However, to get words with actual meaning, I first need to remove stopwords.
The nltk
library has a handy list of stopwords. Note: Using the nltk
library is beyond the scope of this series of entries. Historically, my use of the nltk
libray has mostly been limited to the stopword list and n-gram creation. I have used the FreqDist
and ConditionalFreqDist
functions, but found them a bit tempermental and ended up coding frequency counts myself for this exercise (see the next post).

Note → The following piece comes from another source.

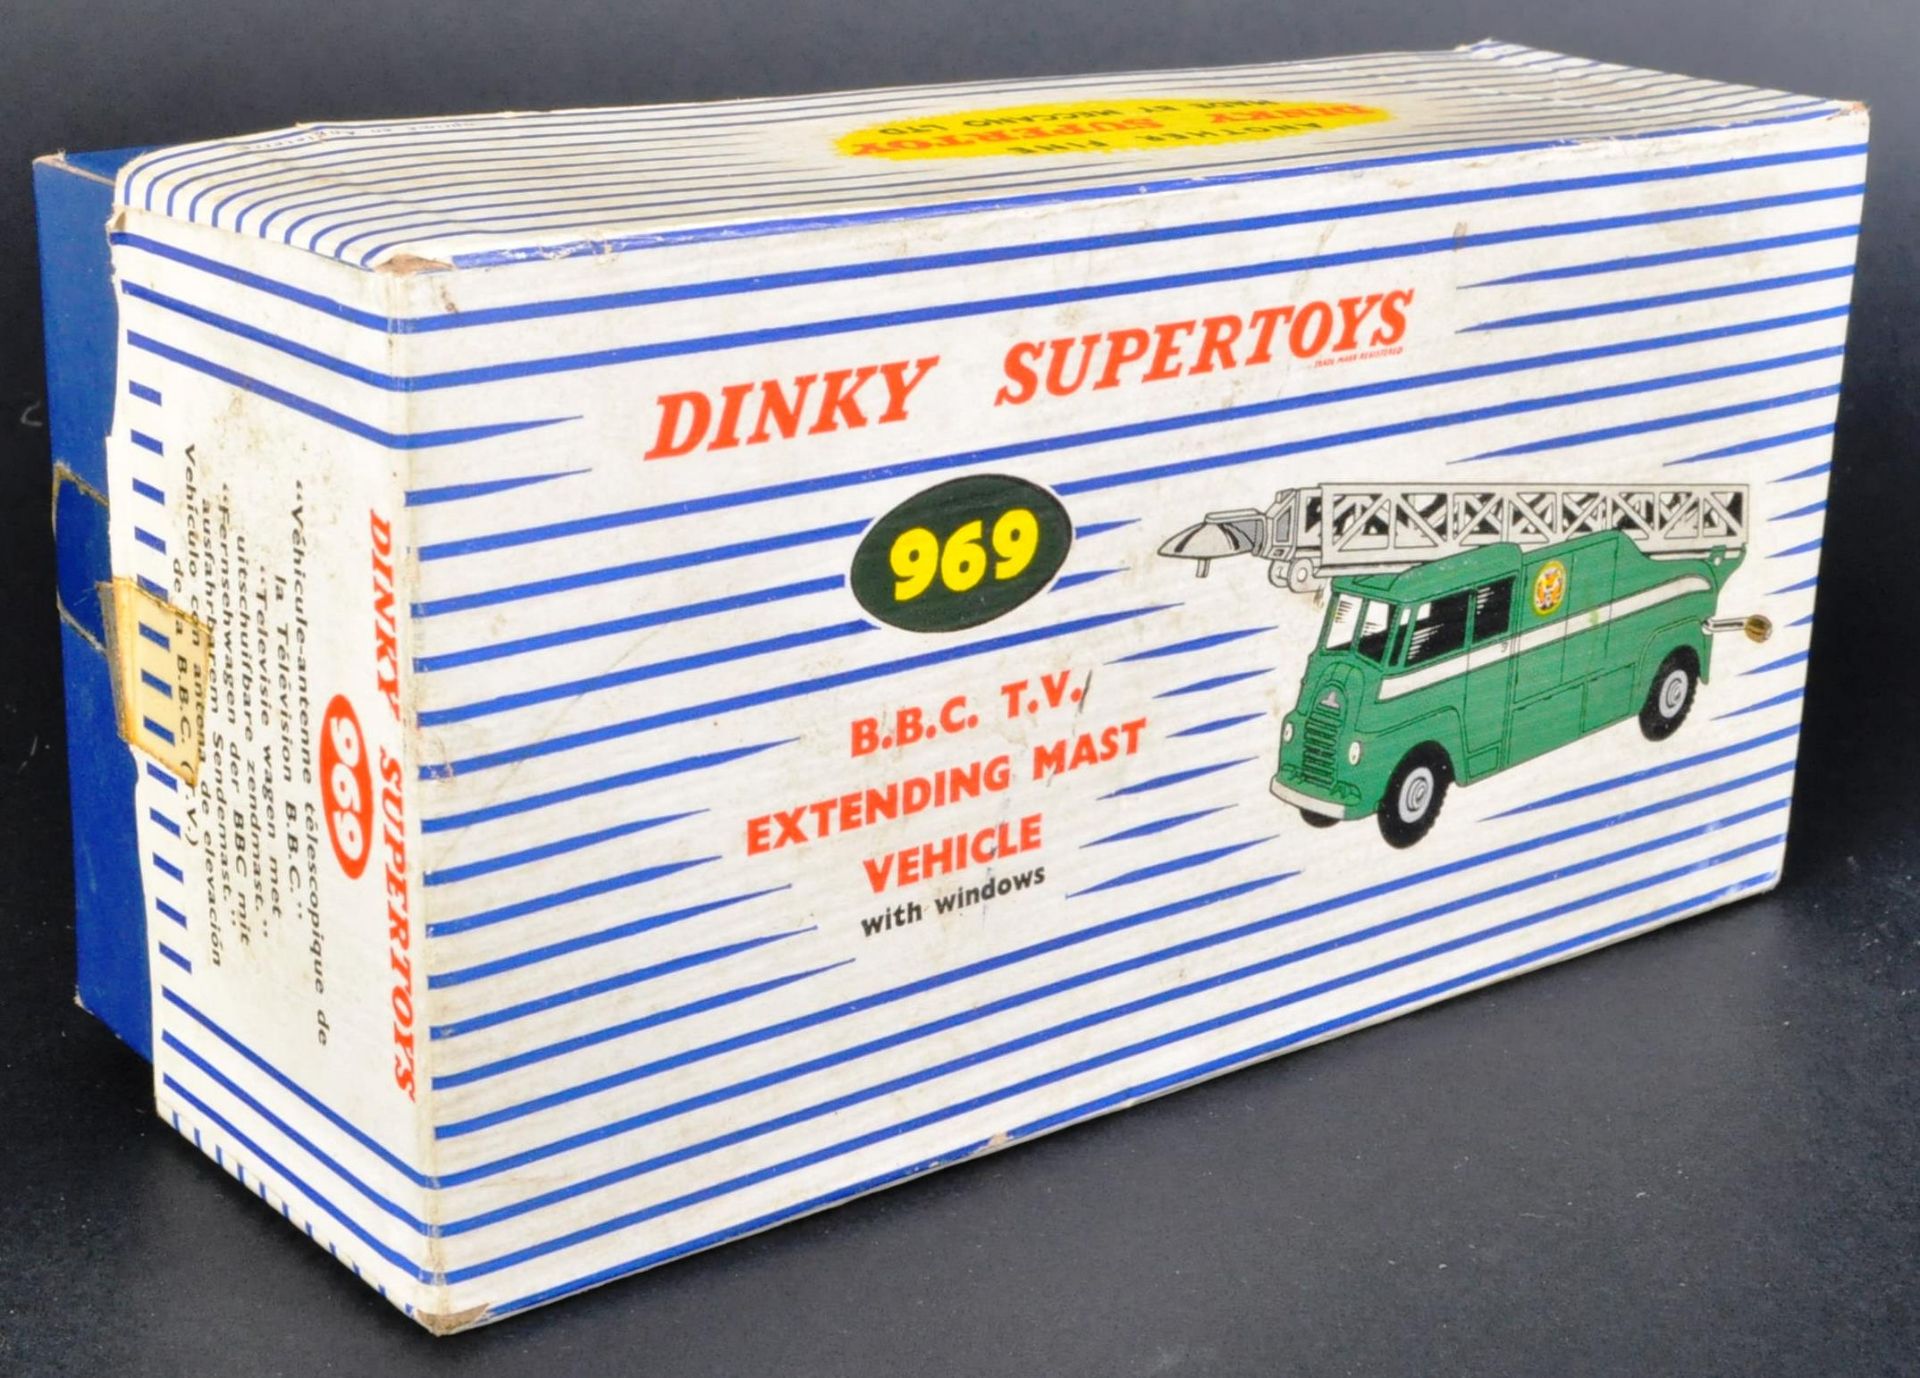 DINKY SUPERTOYS - ORIGINAL VINTAGE 969 BBC TV VEHICLE BOXED - Image 4 of 5

nltk.corpus.stopwords.words('english')
['i', 'me', 'my', 'myself', 'we', 'our', 'ours',
'ourselves', 'you', "you're", "you've", "you'll",
"you'd", 'your', 'yours', 'yourself', 'yourselves',
'he', 'him', 'his', 'himself', 'she', "she's",
'her', 'hers', 'herself', 'it', "it's", 'its',
'itself', 'they', 'them', 'their', 'theirs',
'themselves', 'what', 'which', 'who', 'whom',
'this', 'that', "that'll", 'these', 'those',
'am', 'is', 'are', 'was', 'were', 'be', 'been',
'being', 'have', 'has', 'had', 'having', 'do',
'does', 'did', 'doing', 'a', 'an', 'the', 'and',
'but', 'if', 'or', 'because', 'as', 'until',
'while', 'of', 'at', 'by', 'for', 'with', 'about',
'against', 'between', 'into', 'through', 'during',
'before', 'after', 'above', 'below', 'to', 'from',
'up', 'down', 'in', 'out', 'on', 'off', 'over',
'under', 'again', 'further', 'then', 'once',
'here', 'there', 'when', 'where', 'why', 'how',
'all', 'any', 'both', 'each', 'few', 'more',
'most', 'other', 'some', 'such', 'no', 'nor',
'not', 'only', 'own', 'same', 'so', 'than', 'too',
'very', 's', 't', 'can', 'will', 'just', 'don',
"don't", 'should', "should've", 'now', 'd', 'll',
'm', 'o', 're', 've', 'y', 'ain', 'aren', "aren't",
'couldn', "couldn't", 'didn', "didn't", 'doesn',
"doesn't", 'hadn', "hadn't", 'hasn', "hasn't",
'haven', "haven't", 'isn', "isn't", 'ma', 'mightn',
"mightn't", 'mustn', "mustn't", 'needn', "needn't",
'shan', "shan't", 'shouldn', "shouldn't", 'wasn',
"wasn't", 'weren', "weren't", 'won', "won't",
'wouldn', "wouldn't"]
The best way I found to remove stopwords was to use list comprehension in a lambda function.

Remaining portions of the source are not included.